These management strategies focus on stabilizing the patient’s overall status, correcting electrolyte imbalances, and preventing further complications like pulmonary edema or life-threatening arrhythmias.
The management of electrolyte disturbances and other complications in AKI (Acute Kidney Injury) is critical for patient recovery. Here’s a detailed explanation of each component:
- Dilutional Hyponatremia: This condition can occur when patients continue to drink fluids despite having reduced urine output (oliguria) or if they receive excessive amounts of intravenous fluids like dextrose. This can dilute the sodium levels in the blood.
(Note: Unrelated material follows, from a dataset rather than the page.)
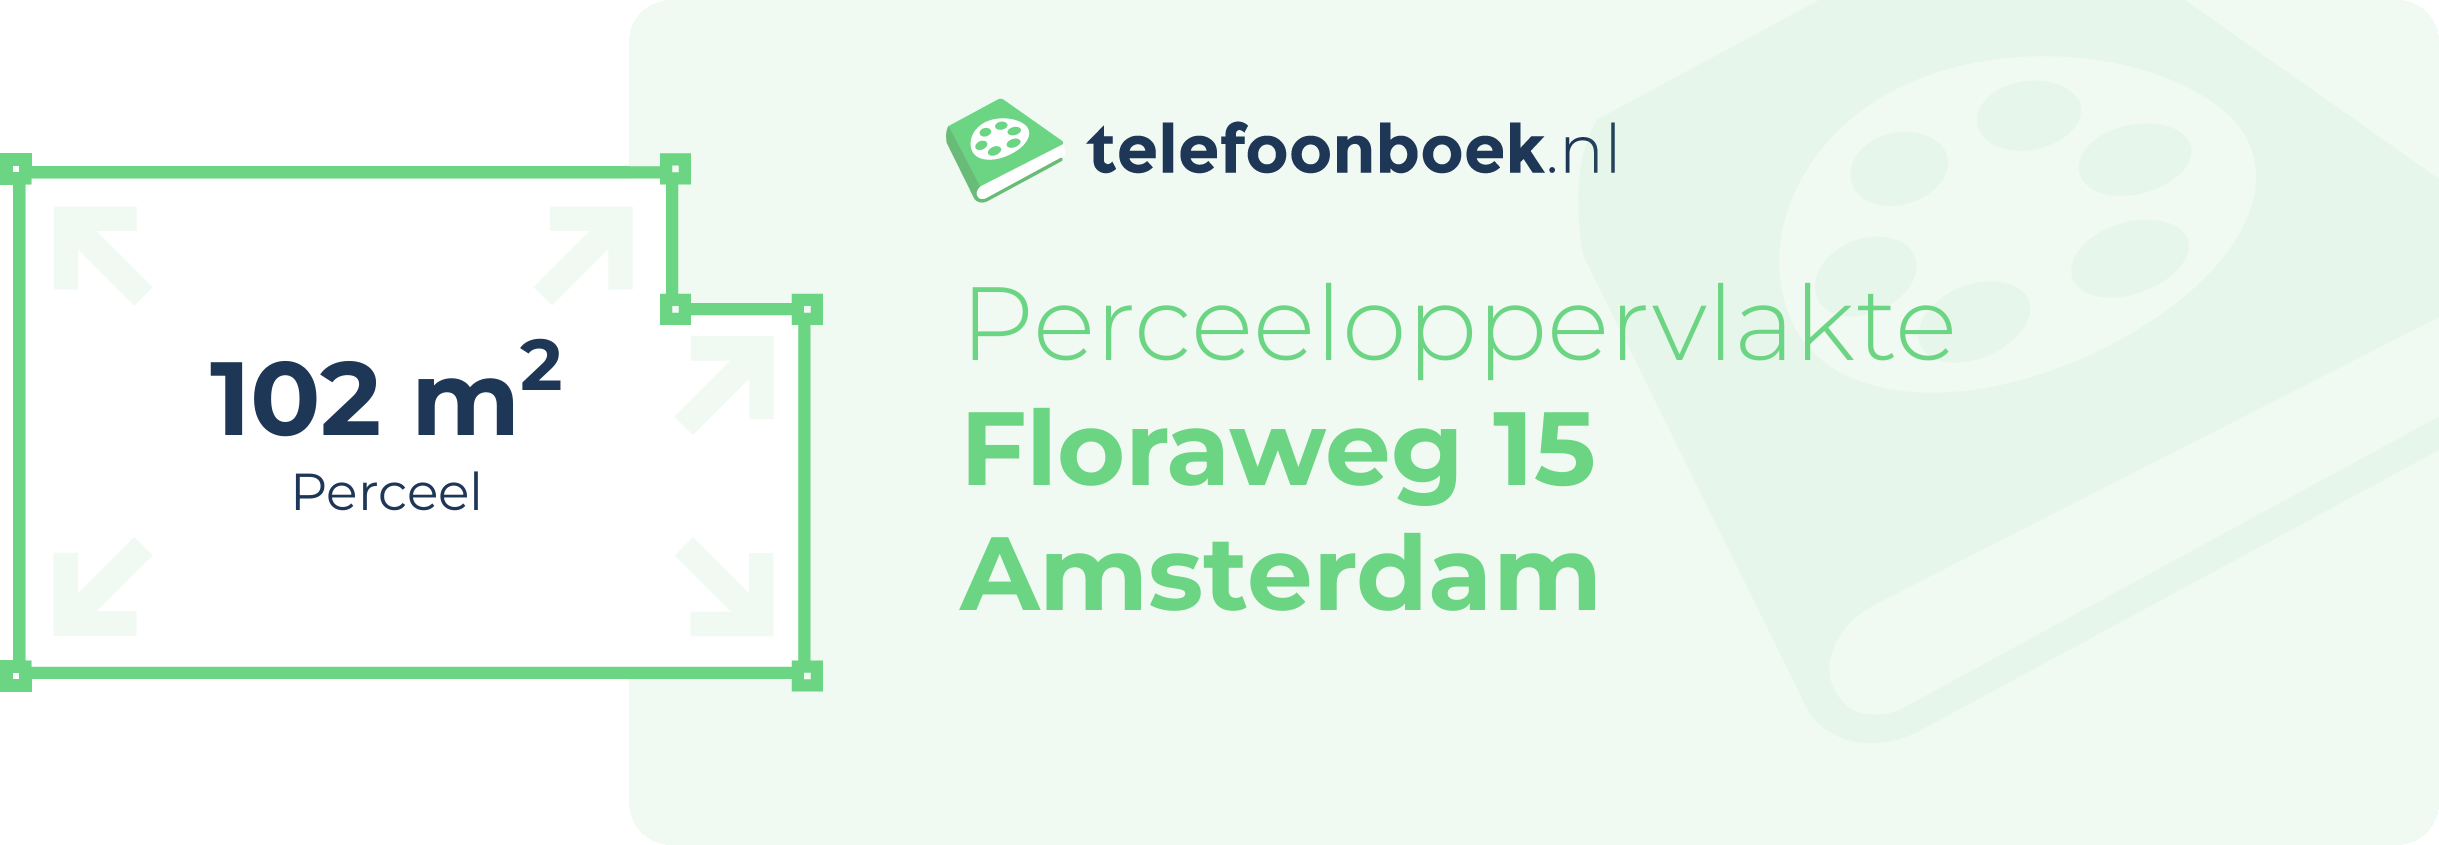 Perceeloppervlakte Floraweg 15 Amsterdam

- Prevention: It is essential to monitor the patient’s fluid balance carefully and administer intravenous fluids at a slow rate to avoid fluid overload.
- Hypocalcemia: Mild hypocalcemia (low calcium levels) is common in AKI, but it usually does not require treatment unless it becomes severe.
- Hyperphosphatemia: Elevated serum phosphate levels are typical in AKI but may drop during renal replacement therapy (RRT), such as continuous renal replacement therapy (CRRT). In such cases, phosphate replacement may be necessary to maintain balance.
- Nutritional support is crucial, especially in patients with conditions like sepsis or burns, where the body breaks down more proteins and energy (hypercatabolic state).
- A proper balance of calories and moderate protein intake should be ensured.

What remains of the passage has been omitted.